D'emblée, ce prologue plein de références bibliques teintées d'ironie nous laisse présager une histoire qui va nous transporter dans un monde rarement évoqué, que je devine plein de rancoeur, de haine et d'amour...
Le ton est donné et je piaffe d'impatience de la voir évoluer au gré de ton imagination...
- un défaut ? Imbue d'elle-même et méprisante.
- un objet fétiche ? Une patère en argent dérobée à la sacristie du pensionnat monastique.
- un jeu favori ? Les fléchettes.
Encore bravo pour ce prologue décoiffant !
Bien à toi,
Jan.
Bonjour Andrée,
RépondreSupprimerTu commences fort ! Fameux personnage ta nonne défroquée qui réfléchit en baignant voluptueusement dans une eau parfumée.
Les commentaires révèlent clairement l’intérêt et la sympathie que suscite Urielle qui apparaît d’emblée comme un personnage aussi riche que complexe.
Bel exemple de résilience provocatrice. On peut s’attendre à des moments qui ne manqueront pas de surprise et on est déjà curieux.
Un souci avec l’ensemble de l’écriture de ce prologue : tu passes sans raison de l’écriture en « je » à l’écriture en « elle ». Tu devrais revoir cela et choisir, soit la narration en « je », soit le narrateur extérieur et omniscient.

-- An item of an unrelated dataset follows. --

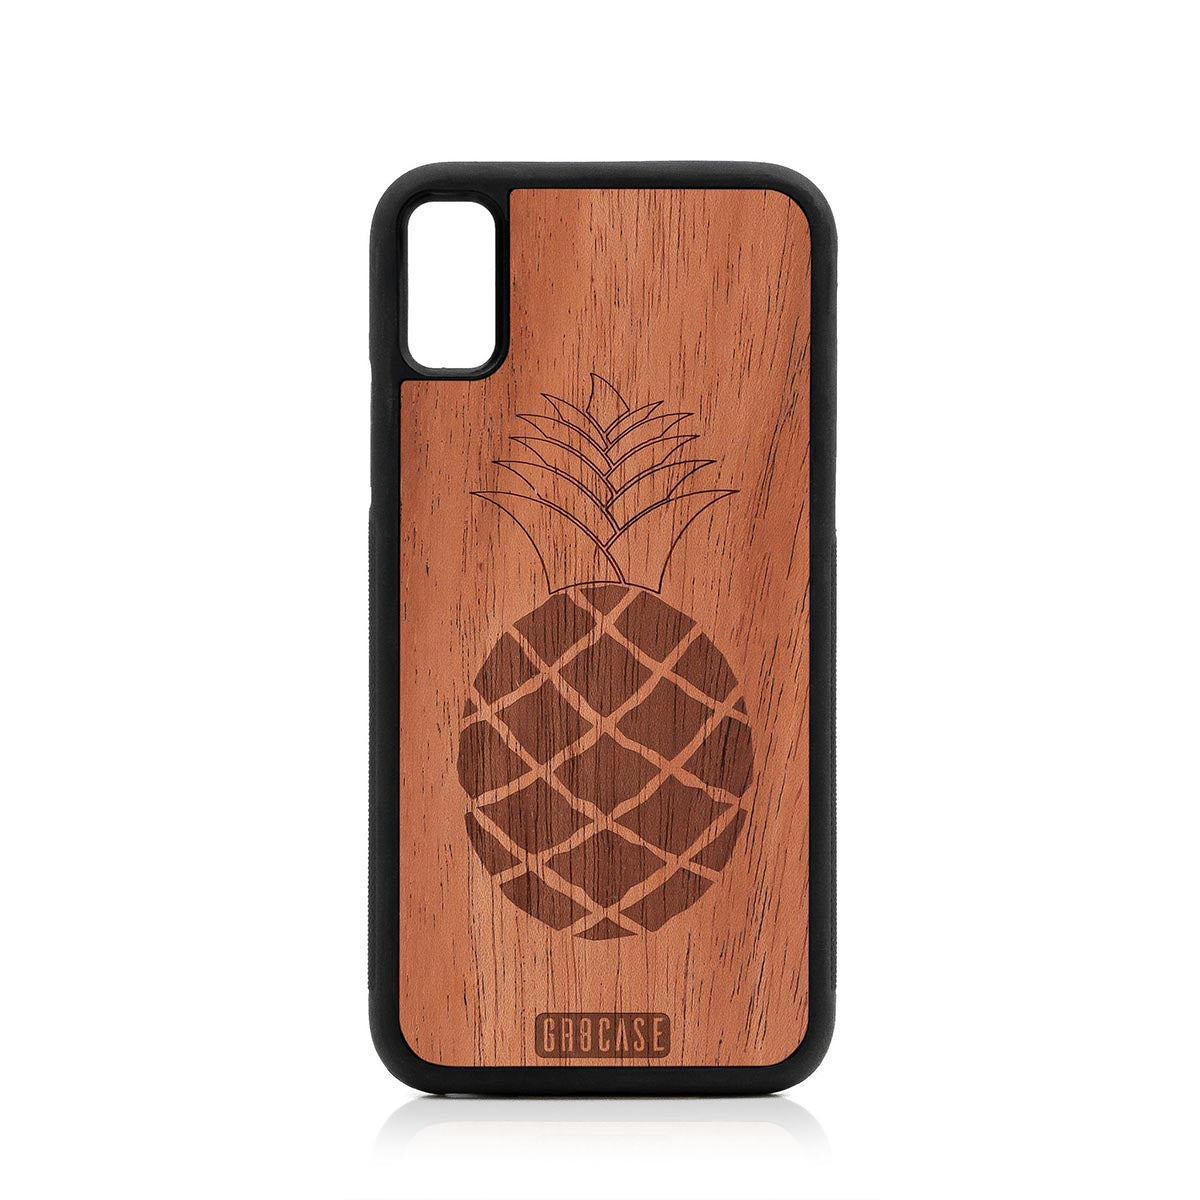 Pineapple Design Wood Case For iPhone X/XS by GR8CASE

Tu pourrais aussi garder l’alternance des points e vue, mais il faudrait que ce soit une nécessité, que cela apporte un plus au texte ce qui n’est pas le cas ici.
Je te conseille de réfléchir à ton choix de narrateur pour le reste du travail.

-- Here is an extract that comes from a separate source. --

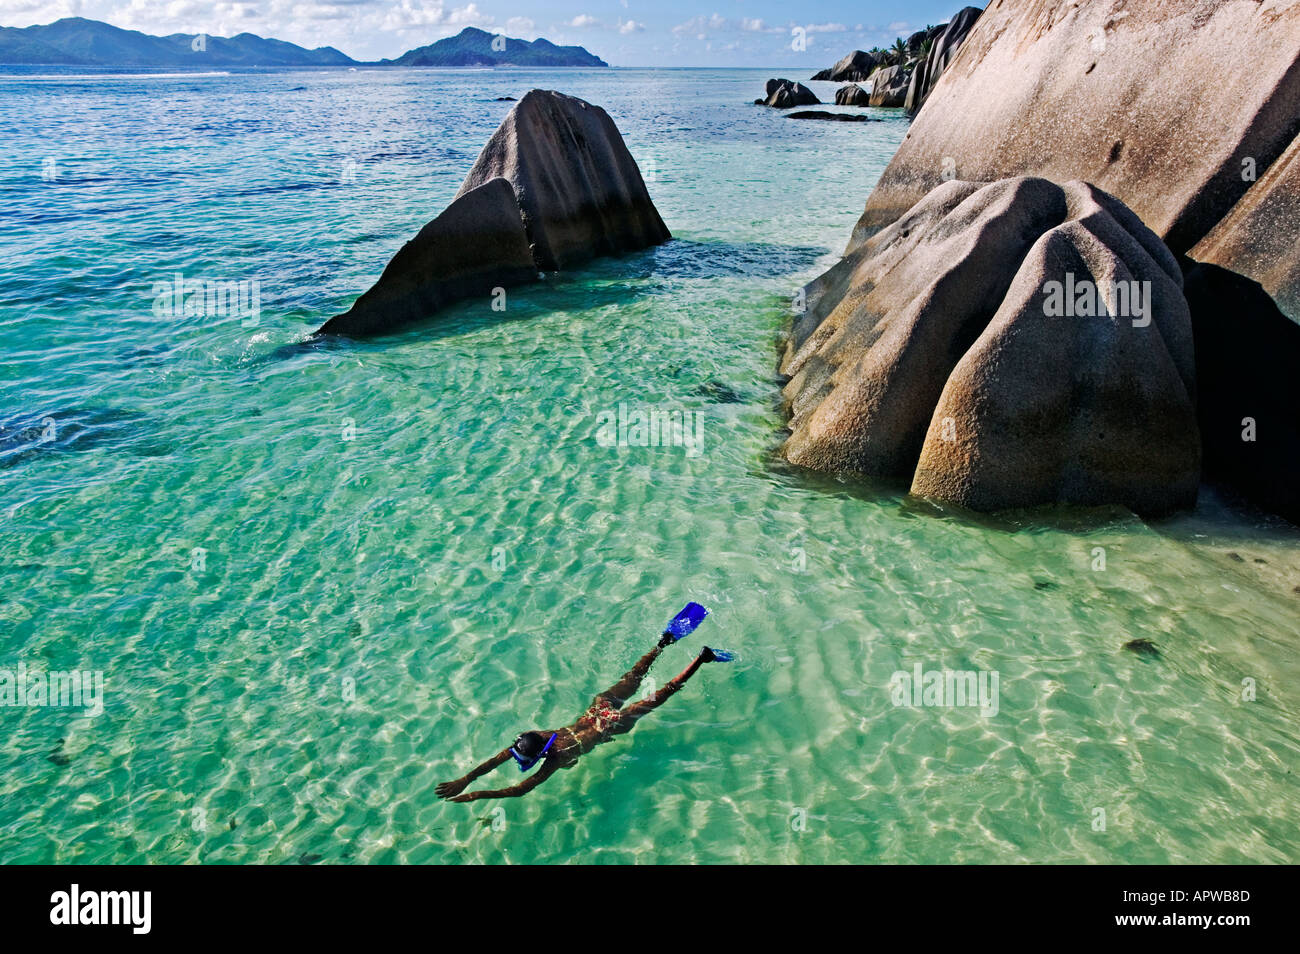 Woman snorkling in clear water amongst granite boulders Model released Anse Source d Argent beach La Digue Island Seychelles Stock Photo

Ton premier chapitre sera sous le signe du gris et tournera autour d’un outil ou d’une pièce de vaisselle qui sera à mettre en relation avec un souvenir.
Bon travail,
Liliane
Bonjour, Andrée,
RépondreSupprimerHeureuse de te retrouver en terrain d’écriture .
Même si tu nous plonges dans un bain délicieusement chaud, j’l’impression de pénétrer dans un monde assez lugubre. Quelle indifférence, quelle froideur dans l'éducation d’Urielle!
Ce n’est pas tous les jours non plus que nous plongeons dans un univers fait de croyances, de superstitions, d’anges aléatoires…
Si bonne que soit la nouvelle du décès de ses parents, Urielle va-t-elle vraiment sortir d’un vécu aussi glauque?
J’attends de voir de quelle manière raisonnable elle va pouvoir éponger ses rancœurs et se ressourcer.
Sur ce terrain-là tu auras toute liberté.
Je salue une fois de plus la richesse de son vocabulaire, et la finesse de ton écriture.
Amicalement,
Micheline.
Mes propositions :
Défaut : égoïste
Animal de compagnie : un hamster
Toc : geste incessant pour rassembler ses cheveux.